- [Data section]:
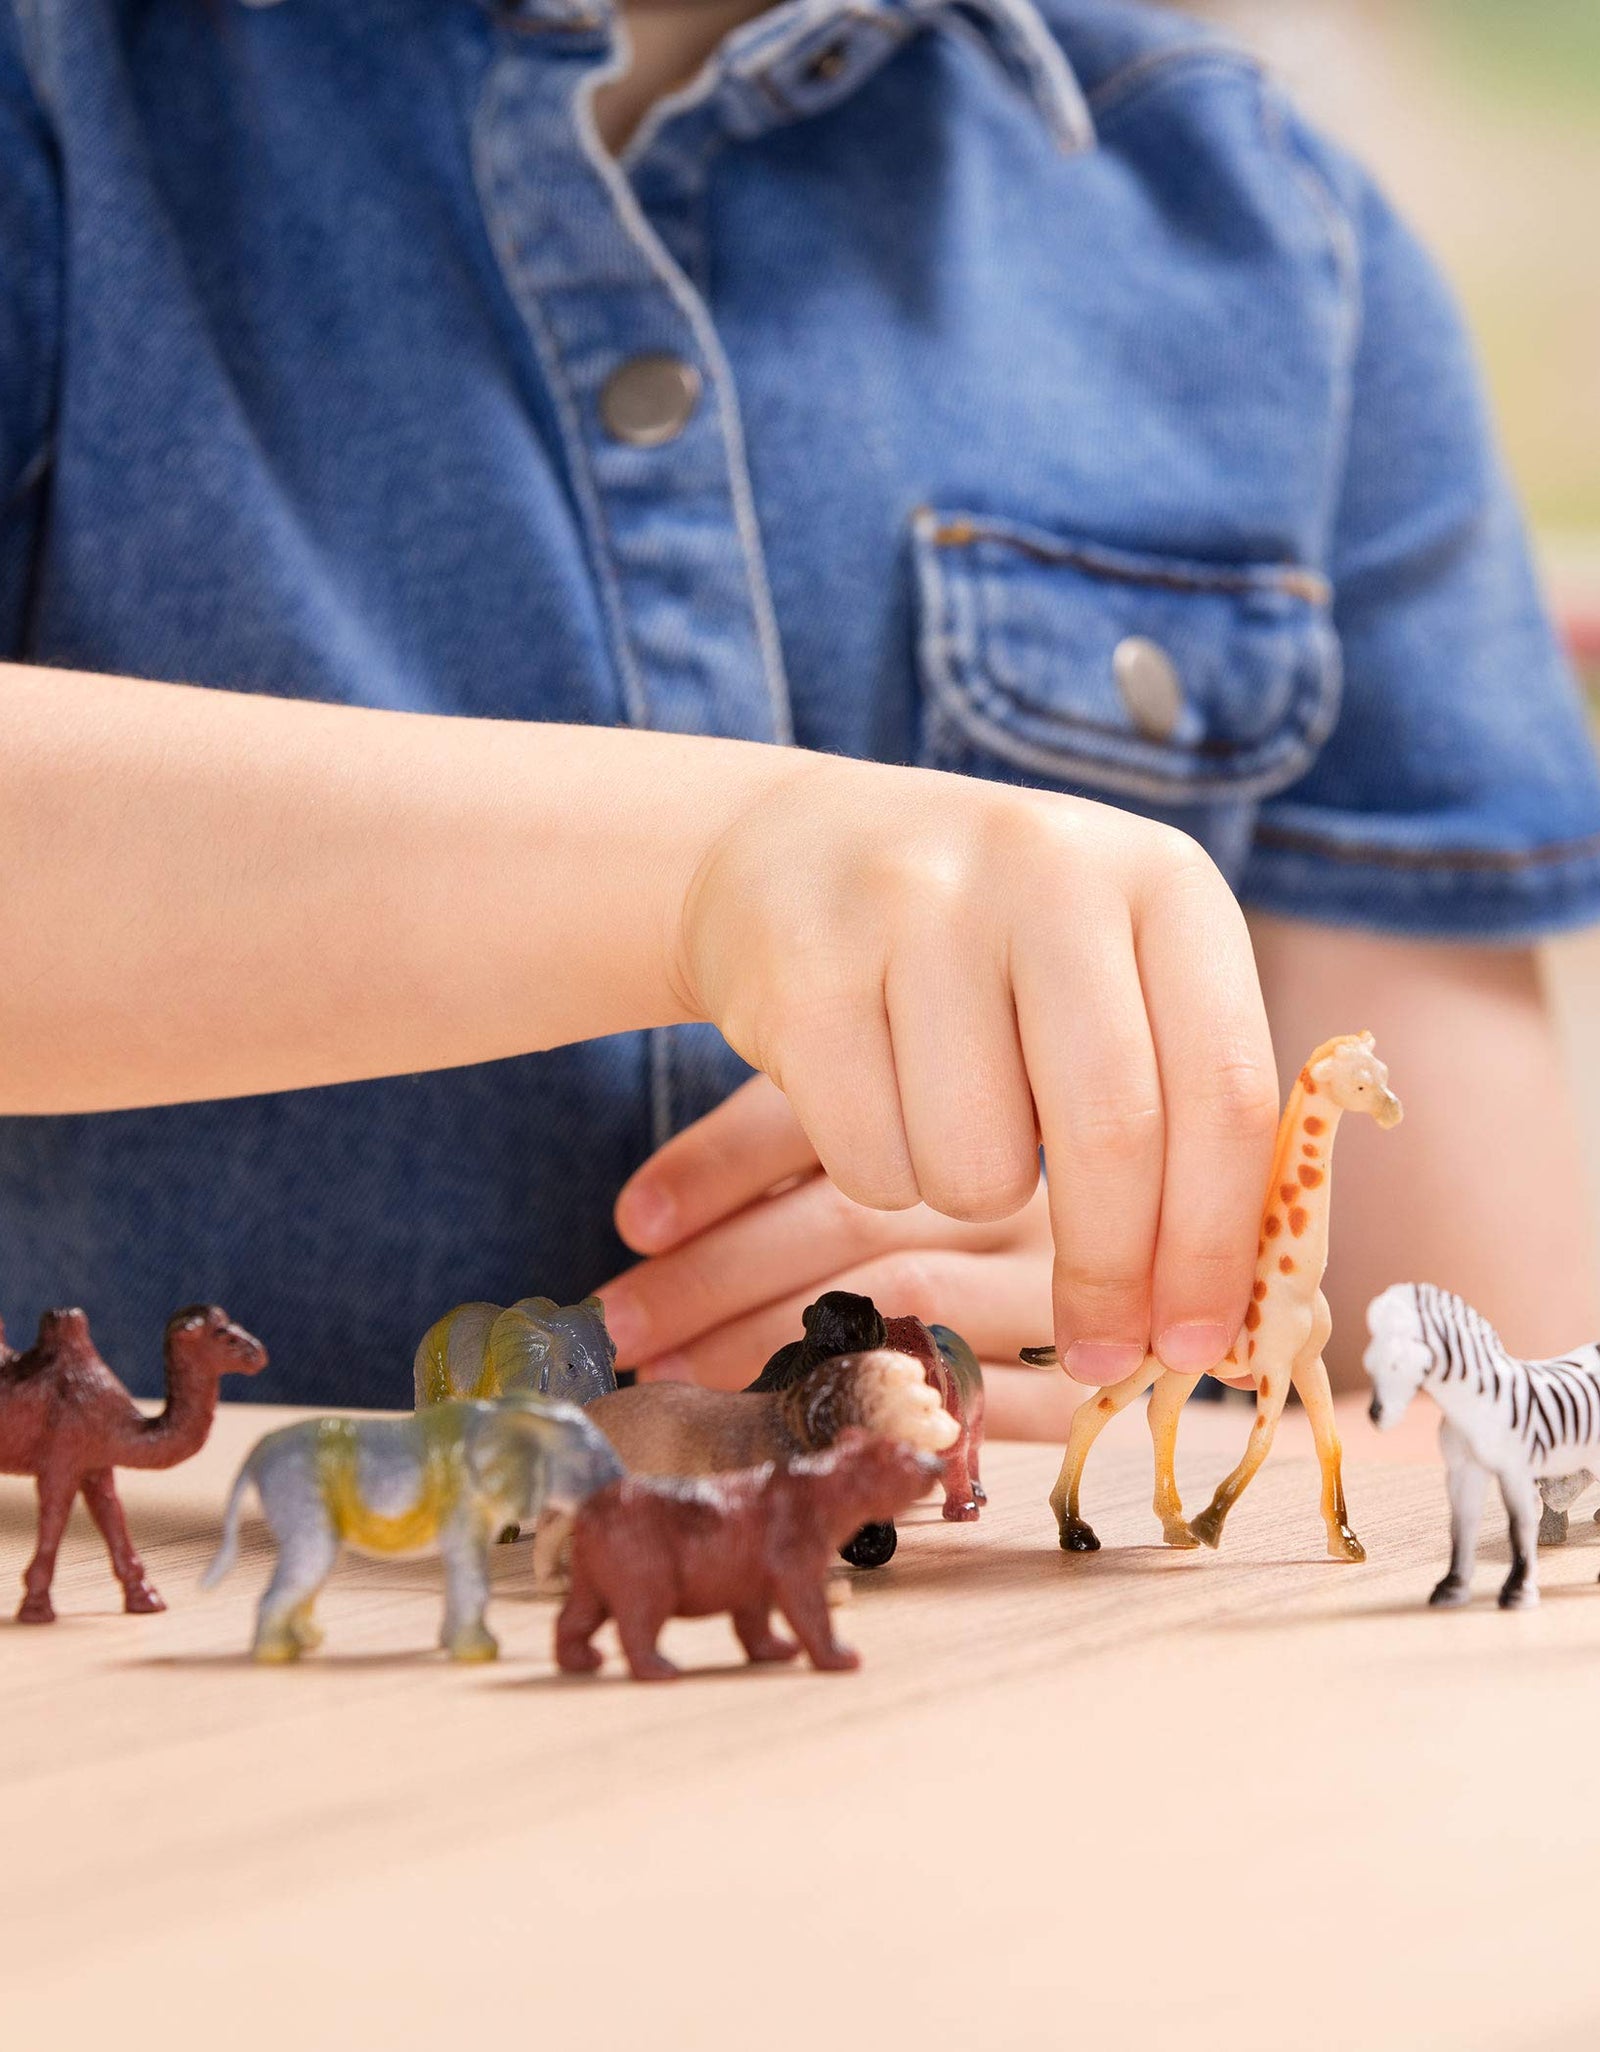 Terra by Battat – Wild Animals – Assorted Miniature Wild Animal Toys For Kids 3+ (60 Pc) Multi, 2"
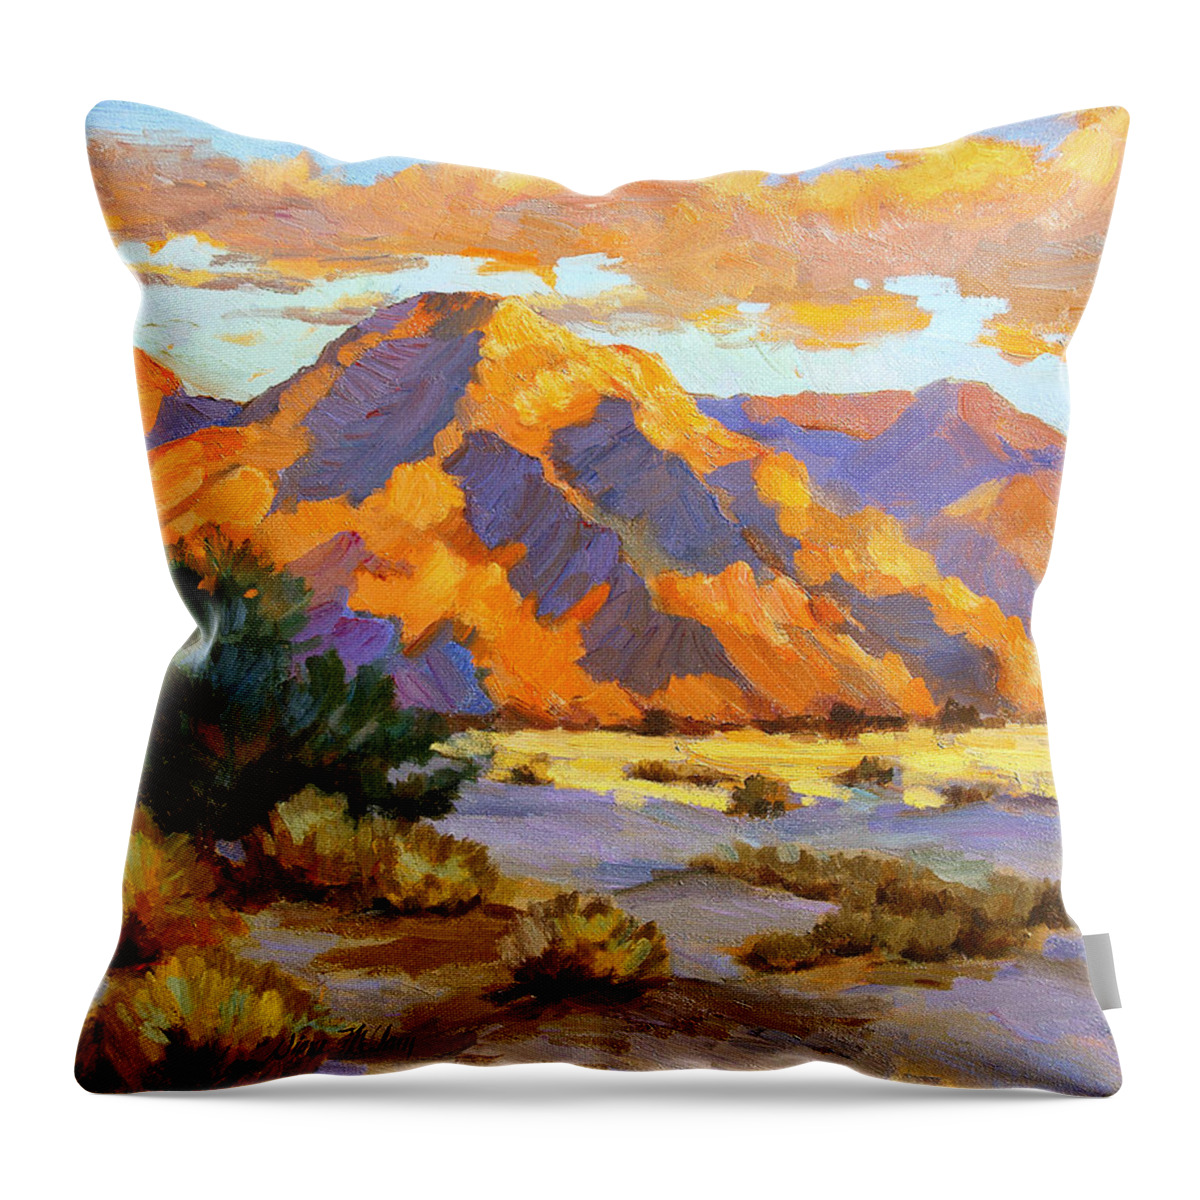 Desert Sunset Throw Pillow featuring the painting Desert Sunset by Diane McClary
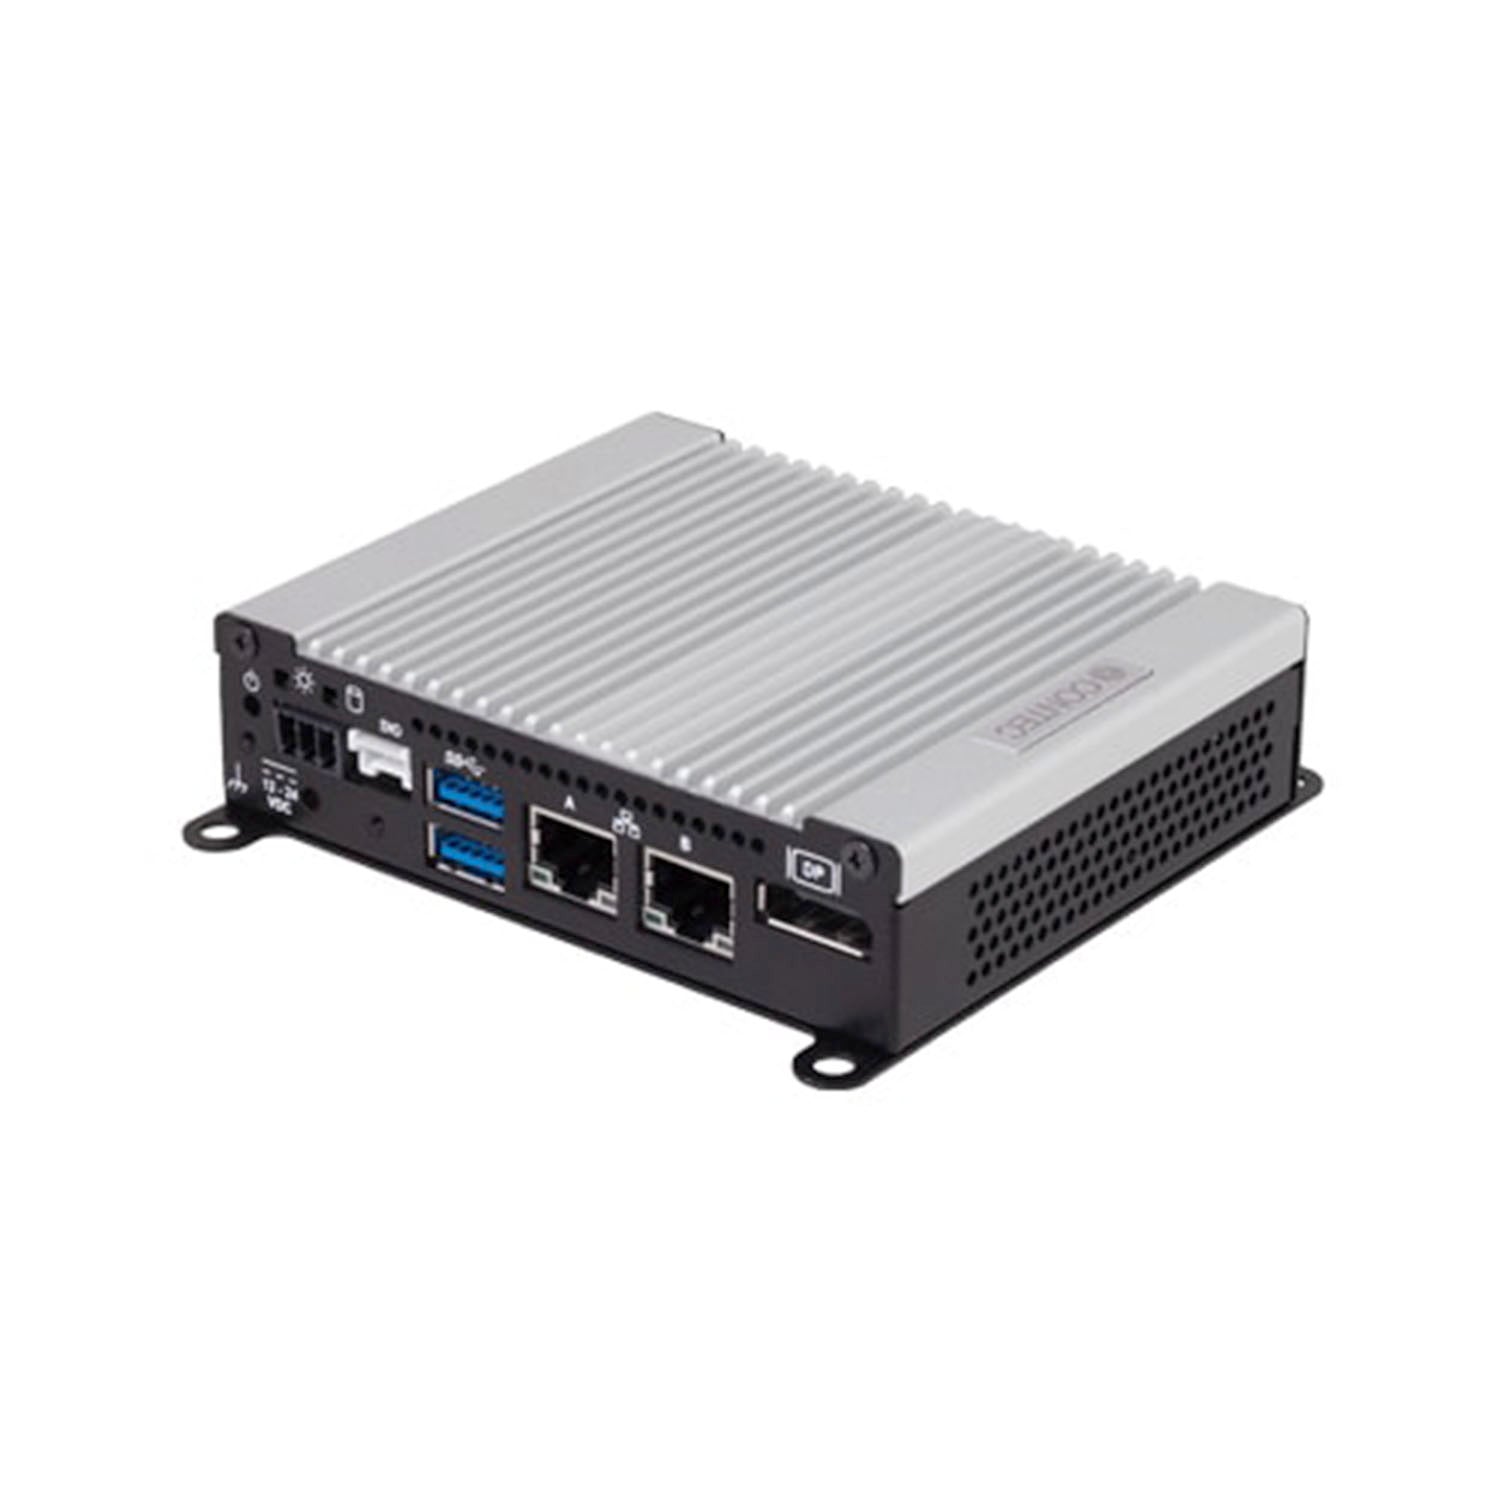 BX-U200 - Fanless Embedded PC / Ultra small design / Atom x5-E3940 (Apollo Lake) / 12-24VDC Input / -30-60C Operation

- [Exercise directions]: Word for word, reproduce the listing above; no image should be carried over.

- [Exercise result]:
 Terra by Battat – Wild Animals – Assorted Miniature Wild Animal Toys For Kids 3+ (60 Pc) Multi, 2"
 Desert Sunset Throw Pillow featuring the painting Desert Sunset by Diane McClary
 BX-U200 - Fanless Embedded PC / Ultra small design / Atom x5-E3940 (Apollo Lake) / 12-24VDC Input / -30-60C Operation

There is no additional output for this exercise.